Combining approaches from International Relations, Anthropology, and Postcolonial Studies, this session focuses on the understandings of people living in areas affected by designated terrorist groups. It is informed by nearly five years of fieldwork across the Middle East and Africa (particularly in Yemen and Somaliland). By asking ‘who speaks’ (and what different groups say) about terrorism, the seminar is held together by the proposition that people living in affected communities tend to understand local extremist groups in profoundly different ways to international counter-terrorism practitioners, and that this opens a gap of misunderstanding that may foster the reproduction of those groups. From this starting point, I will investigate what taking the knowledge of local communities seriously can reveal about everyday forms of resistance to terrorism and domination, in order to help understand the in/effectiveness of international counter-terrorism interventions.
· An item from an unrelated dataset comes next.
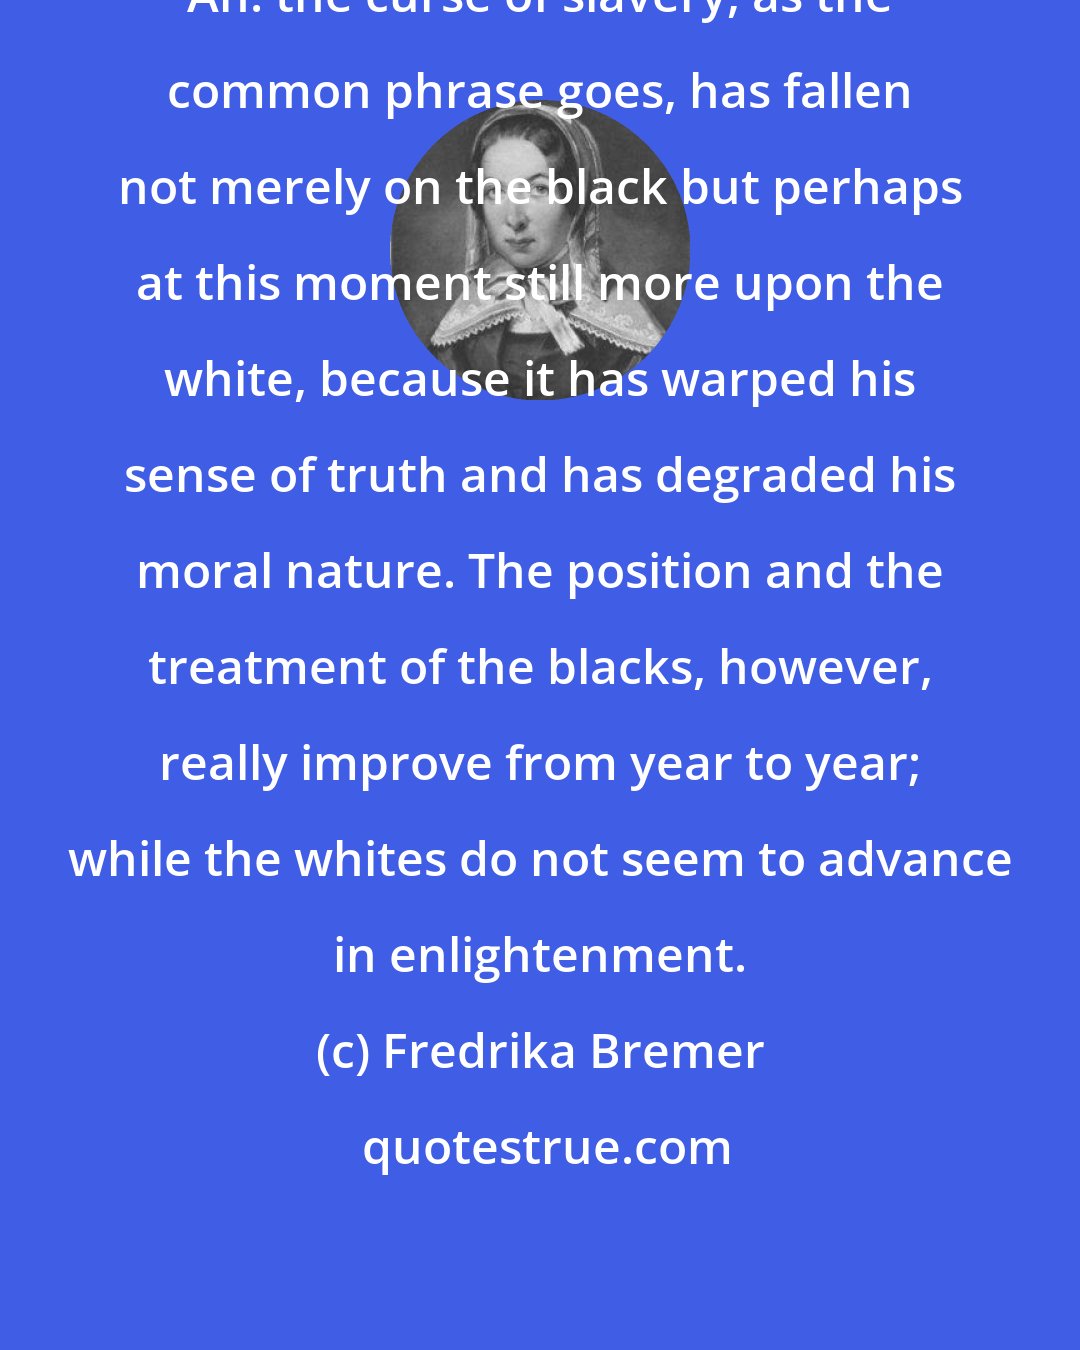 Fredrika Bremer: Ah! the curse of slavery, as the common phrase goes, has fallen not merely on the black but perhaps at this moment still more upon the white, because it has warped his sense of truth and has degraded his moral nature. The position and the treatment of the blacks, however, really improve from year to year; while the whites do not seem to advance in enlightenment.

Sarah Phillips is an Associate Professor in international security and development at The University of Sydney. Her research draws on in-depth fieldwork, and focuses on international intervention in the global south, knowledge production in conflict-affected states, state-building, and non-state governance, with a geographic focus on the Arabian Peninsula and Horn of Africa.
Sarah is the author of three books, the latest of which, When There Was No Aid: War and Peace in Somaliland (Cornell University Press, 2020) was awarded the Australian Political Science Association (AusPSA) Crisp Prize for the best scholarly political science monograph (2018-20). She is also published widely in top-tiered academic journals, including International Studies Quarterly, the European Journal of International Relations, African Affairs, Foreign Affairs, and International Affairs. Sarah holds a Sydney Outstanding Academic Research (SOAR) Fellowship, is a Non-Resident Fellow at the Sana’a Center for Strategic Studies (Yemen and Lebanon), and will commence an ARC Future Fellowship in 2021 that explores some of the issues outlined in this talk.